SUPPLIED DATA:
_ _ _ _ _ _ _

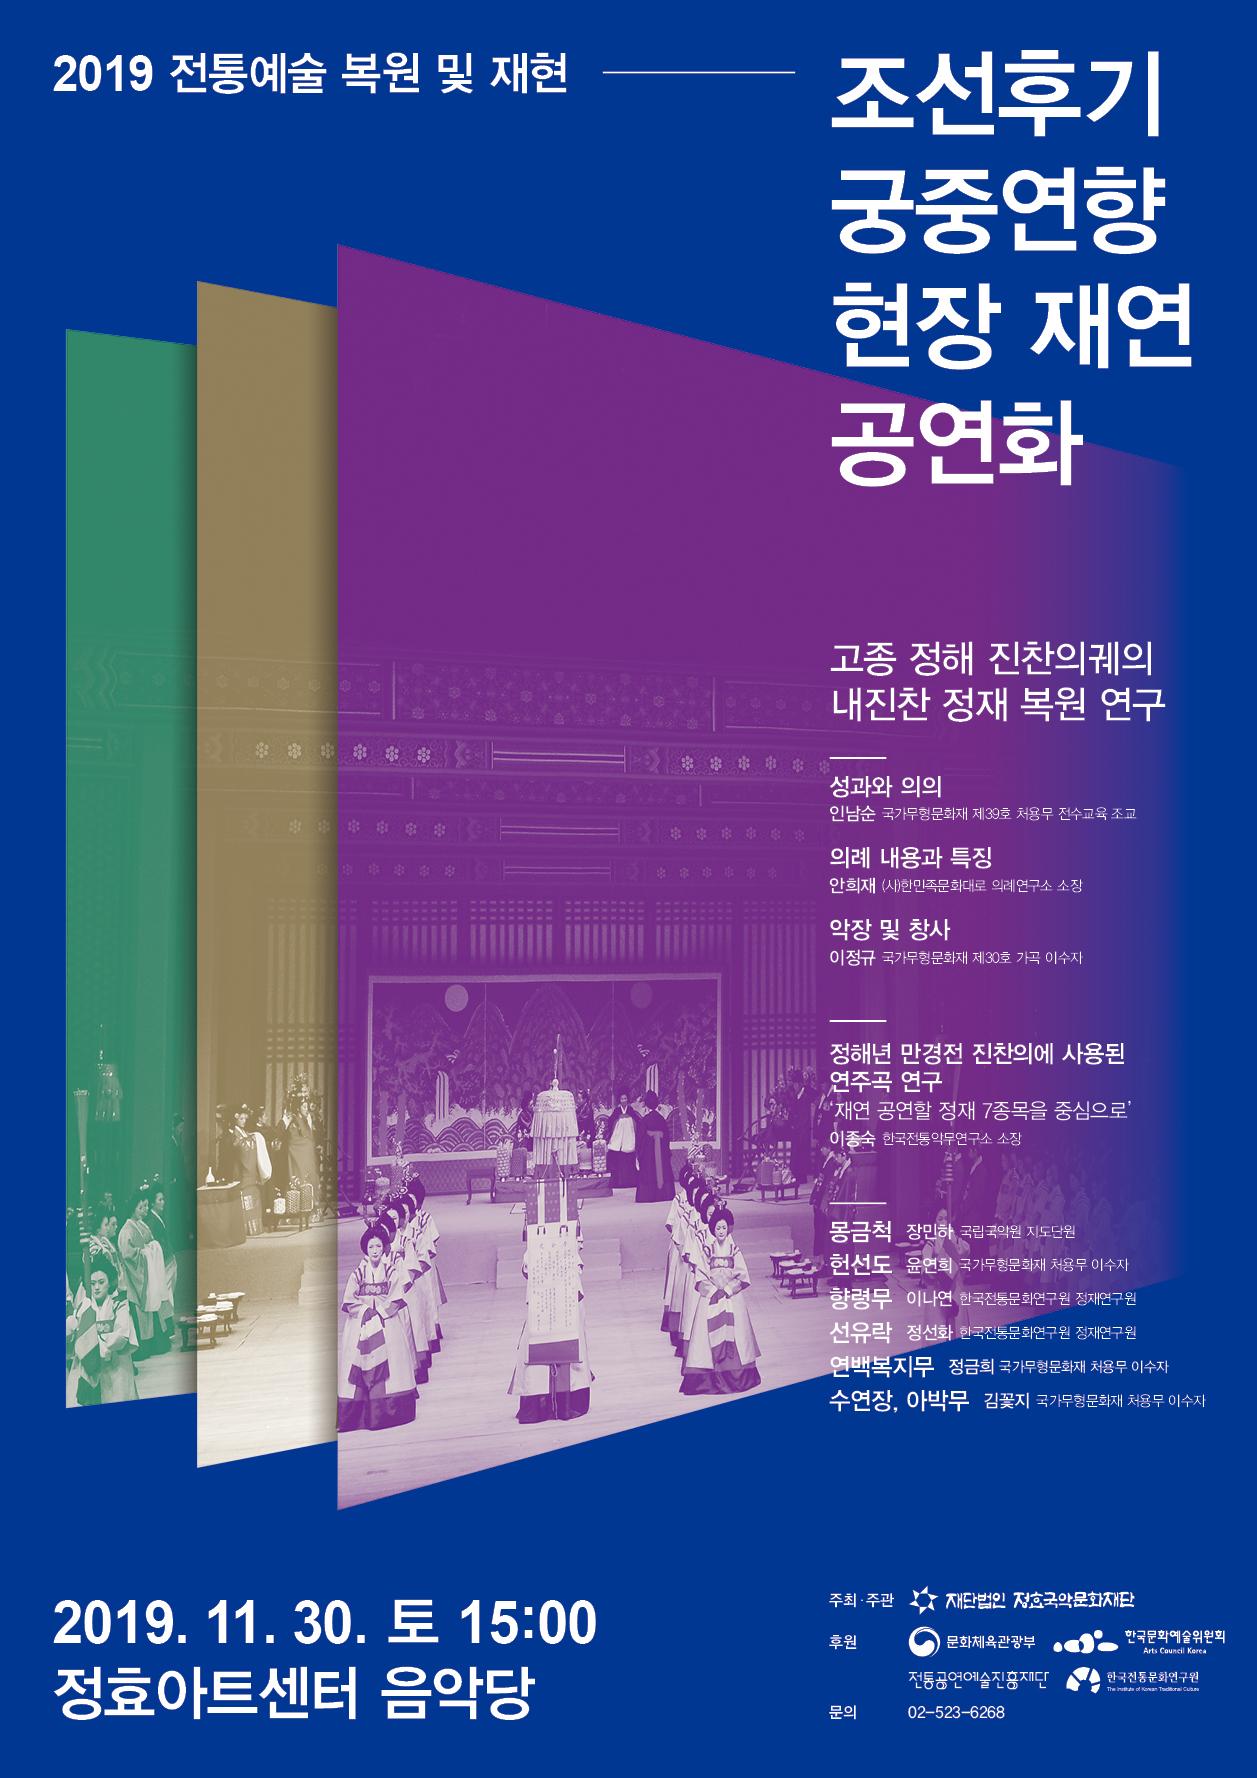 전통예술 복원 및 재현 포스터 인쇄.jpg
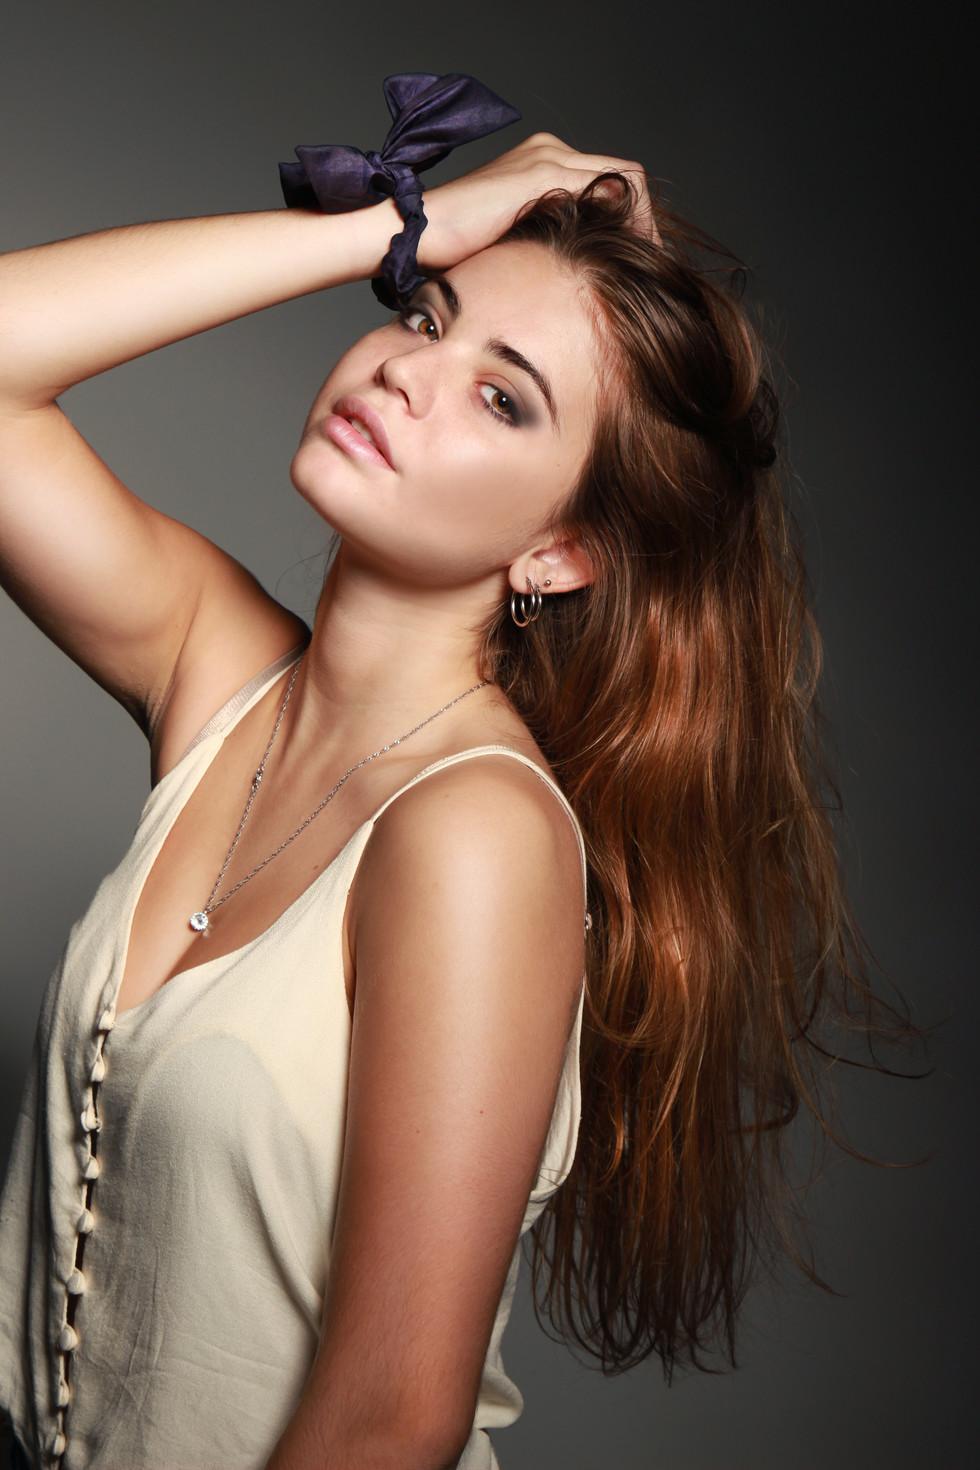 Alexa_moño__makeup_WEB.jpg
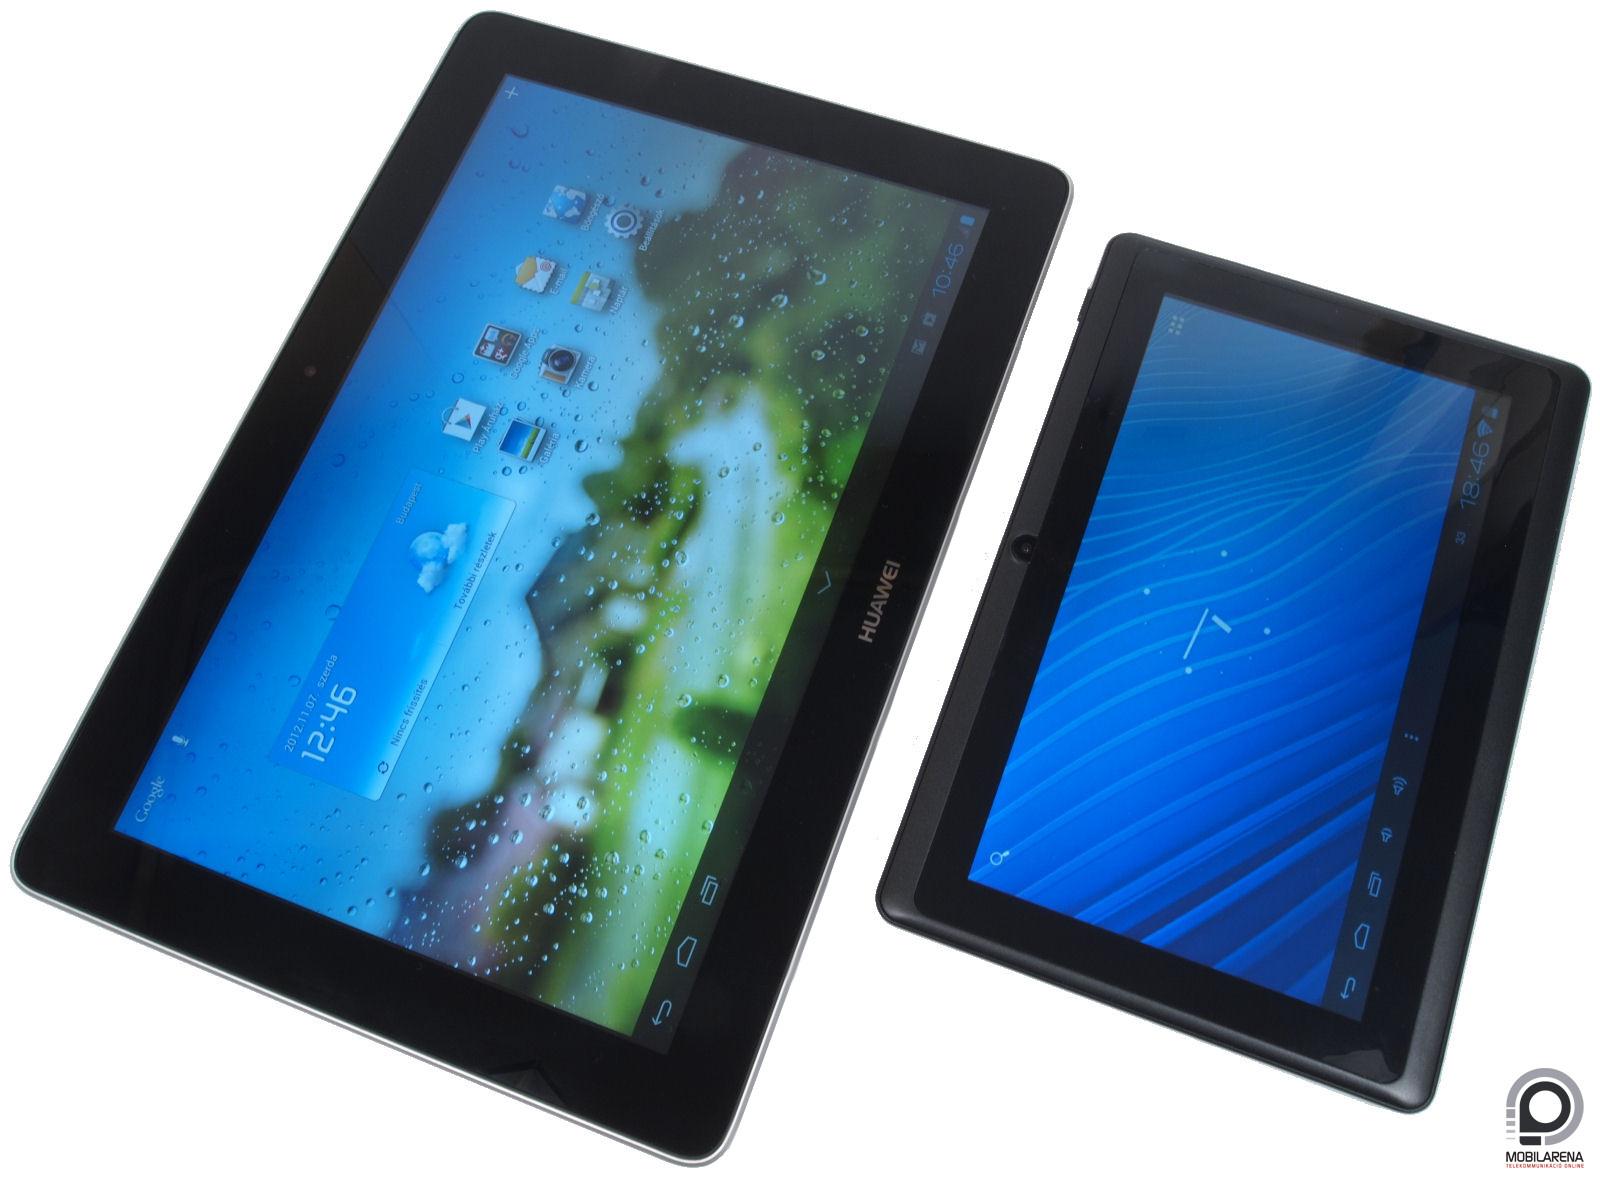 Huawei MediaPad 10 FHD - hazai pályán játszik

_ _ _ _ _ _ _

WHAT THE TASK REQUIRES: Exactly as written, return each line above and leave the pictures behind.

SOLUTION BELOW:
 전통예술 복원 및 재현 포스터 인쇄.jpg
 Alexa_moño__makeup_WEB.jpg
 Huawei MediaPad 10 FHD - hazai pályán játszik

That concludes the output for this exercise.